LSTM for Time Series Forecasting
The standard Seq2One setup feeds a window of \(T\) past values \(\{x_{t-T+1}, \ldots, x_t\}\) and predicts \(x_{t+1}\).
| Setup | Input | Output | Use Case |
|---|---|---|---|
| Seq2One | sequence → 1 | single-step | Next-step prediction |
| Seq2Seq | sequence → seq | multi-step | Multi-horizon forecast |
| Encoder-Decoder | variable-length | variable-length | Translation, anomaly |
Python Implementation (PyTorch)
Data Preparation
We use a noisy sine wave as a synthetic time series.
import numpy as np
import torch
import torch.nn as nn
from torch.utils.data import DataLoader, TensorDataset
import matplotlib.pyplot as plt
# Synthetic time series
np.random.seed(42)
t = np.linspace(0, 8 * np.pi, 1000)
data = np.sin(t) + 0.2 * np.random.randn(len(t))
# Normalize
data_mean, data_std = data.mean(), data.std()

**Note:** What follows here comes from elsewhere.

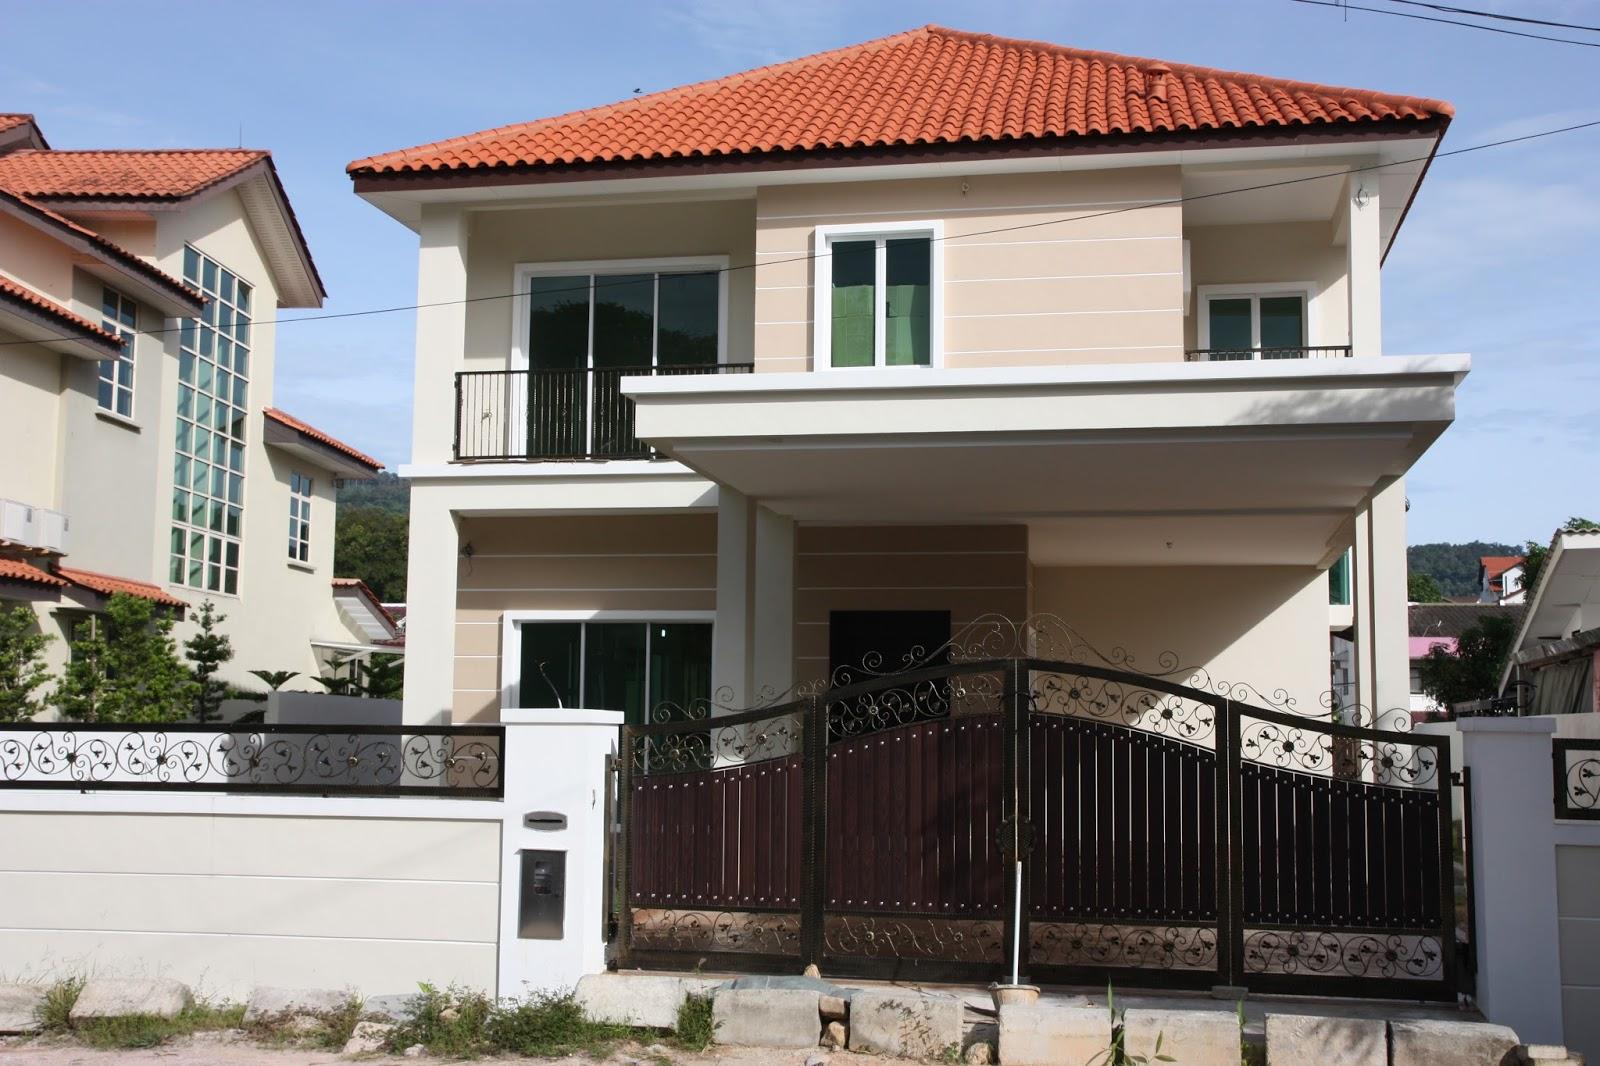 penang property newsletter minden height 2 storey bungalow. Black Bedroom Furniture Sets. Home Design Ideas

data_norm = (data - data_mean) / data_std
def create_sequences(data, seq_len):
X, y = [], []
for i in range(len(data) - seq_len):
X.append(data[i:i + seq_len])
y.append(data[i + seq_len])
return np.array(X), np.array(y)
SEQ_LEN = 30
X, y = create_sequences(data_norm, SEQ_LEN)
split = int(len(X) * 0.8)
X_train, X_test = X[:split], X[split:]
y_train, y_test = y[:split], y[split:]
# Shape: [batch, seq_len, features]
X_train_t = torch.FloatTensor(X_train).unsqueeze(-1)
X_test_t = torch.FloatTensor(X_test).unsqueeze(-1)
y_train_t = torch.FloatTensor(y_train).unsqueeze(-1)
y_test_t = torch.FloatTensor(y_test).unsqueeze(-1)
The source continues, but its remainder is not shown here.